Bureau declassifies more than 300 pages detailing investigations into pop star

FBI files documenting death threats, extortion attempts, and child molestation accusations against Michael Jackson were released on Tuesday.

The bureau declassified more than 300 pages from its secret dossier on the singer following a Freedom of Information Act request from several news organizations.

Some of the information was procedural, and 346 pages were held back to protect sources, but there were several shocking revelations regarding the pop star’s notorious friendships with teenage boys.

The documents illustrate the FBI’s close involvement in probing charges of sexual abuse against the singer. According to the documents, the FBI assisted California law enforcement in their investigations of Jackson — once between 1993 and 1994 and again between 2004 and 2005 — for possible child molestation.

The files also mention an unnamed source who discusses a case against the singer, involving two Mexican boys that he purportedly molested in 1985 or 1987. The source said he was told the investigation allegedly was covered up because Jackson was to "receive an honor at the White House."

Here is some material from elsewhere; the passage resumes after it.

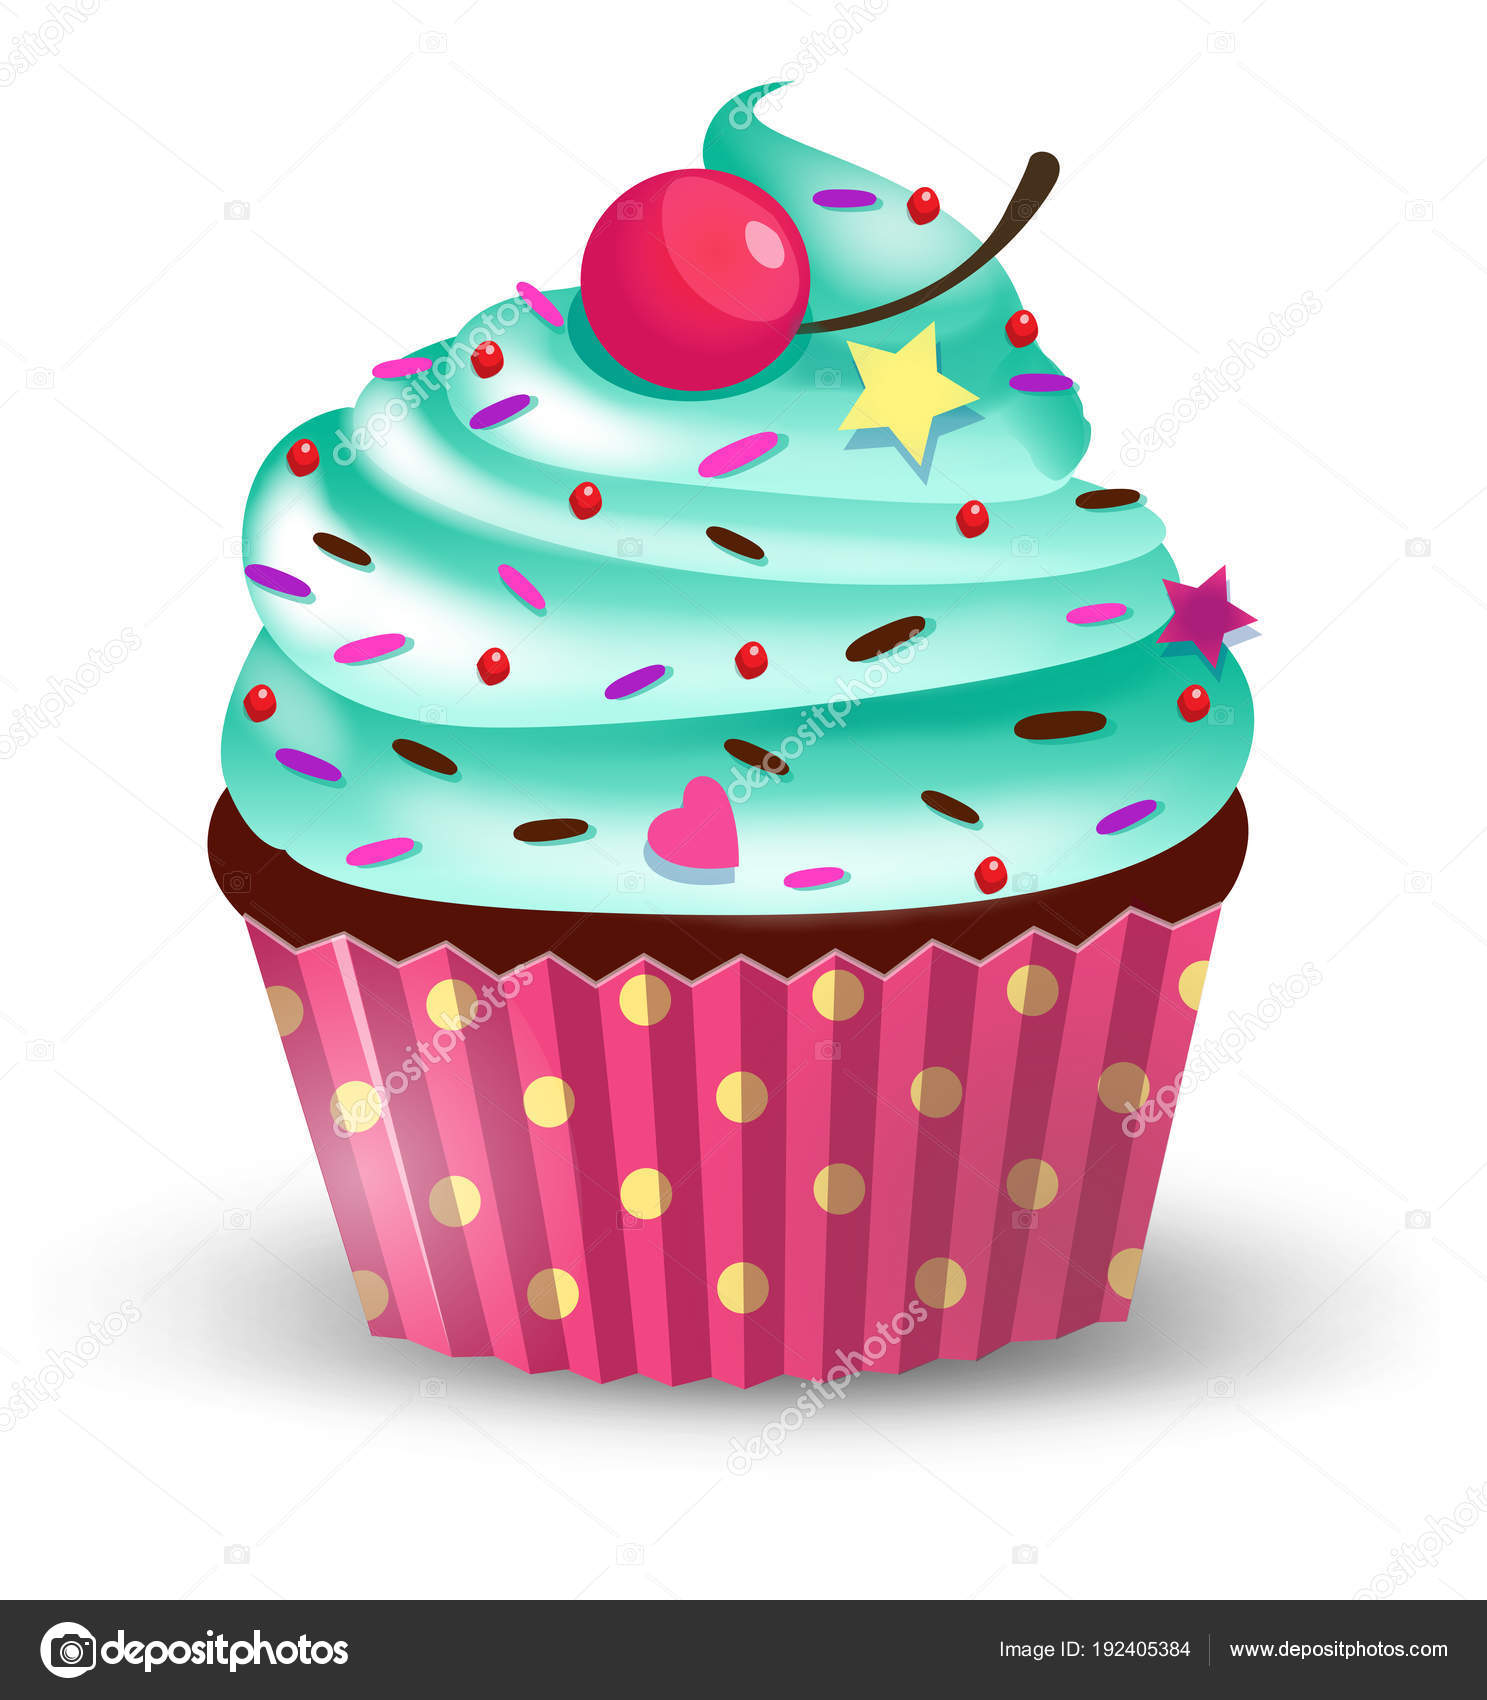 Clipart: cute cartoon cupcake | Handmade cute cartoon cup cake with

The specter of Jackson’s controversial relationships with young boys is the sinew that ties together the seven files, much of which are concerned with the minutiae of investigative work. Among the questionable behavior cited in the files, some of which has been reported before, was the concerns of a Canadian couple who were riding on a train with Jackson in 1992. They had a compartment next to the pop star and a 13-year-old boy he described as his "cousin."

"Jackson was very possessive of the boy at night," the couple told the bureau. They also said they "heard questionable noises through [the] wall."

Another file – regarding the first alleged child molestation case — details the LAPD’s plans to investigate the allegations against Jackson, stating that “two investigators from their task force would be traveling to Manila to interview two prior domestic employees of the Santa Barbara residence of Michael Jackson.”

“The United States Attorney’s position of not pursuing a federal investigation was expressed to the group,” a briefing reads.

The files contain information pertaining to the FBI’s aborted 2004 investigation of Jackson on child molestation charges. The bureau closed this investigation when the key witness “advised the agents that he had no interest in testifying against” Jackson and “would legally fight any attempt to do so” and "believed he had done his part." Some are speculating that the bureau was trying to revive the 1993 child molestation case involving Jordan Chandler, a California boy who was 13 at the time.

Another FBI file — with documents detailing a request by the U.S. Customs to review a videotape involved in a later child-molestation case — refers to a videotape labeled “Michael Jackson’s Neverland Favorites An All Boy Anthology.” Analysis of the tape was hindered by its poor quality. Handwritten notes cite the video’s "poor resolution, noise bars from mistracking throughout" and speculate that it "could be a copy of a copy of a copy."

Files spanning from January 15 to April 27, 2004, primarily concern a request by the Santa Barbara County Sheriff’s office to provide digital forensic analysis on 16 computers as well as DVDs and CDs seized from Jackson’s home. A "string search" of the materials turned up "nothing."

The bureau also investigated “threats made against Mr. Jackson and others by an individual who was later imprisoned for these crimes.”

One of the files contains letters sent to the FBI in 1992 by a man who threatened to kill George H.W. Bush, John Gotti and Jackson, if they didn’t pay him.

“I’ll commit mass murder at a Michael Jackson concert if necessary,” one letter reads.

(Other letters in the file include a bizarrely detailed pitch to Paramount Pictures for an Earth, Wind & Fire concert film and a rant about the 1992 Academy Awards broadcast.)

The subject, who is not identified, pled guilty and was sentenced to prison in 1993, according to the FBI.

Even though the singer was plagued by legal battles in his later years that drained his coffers and tarnished his reputation, the threat of violence continued. Files from March 1, 2003, to June 29, 2005, touch on security concerns at Jackson’s trial. The FBI expressed concern that a Jackson court appearance might present a "soft target" for terrrorism. The files mention that there was no evidence of any terrorism threats or threats on Jackson’s life, but a "known new black panther" was observed in the crowd during an appearance by Jackson.

The documents mention that it was believed that Jackson was switching his security for the 2004 court appearances from Nation of Islam bodyguards to a private L.A. security team staffed by former LAPD officers.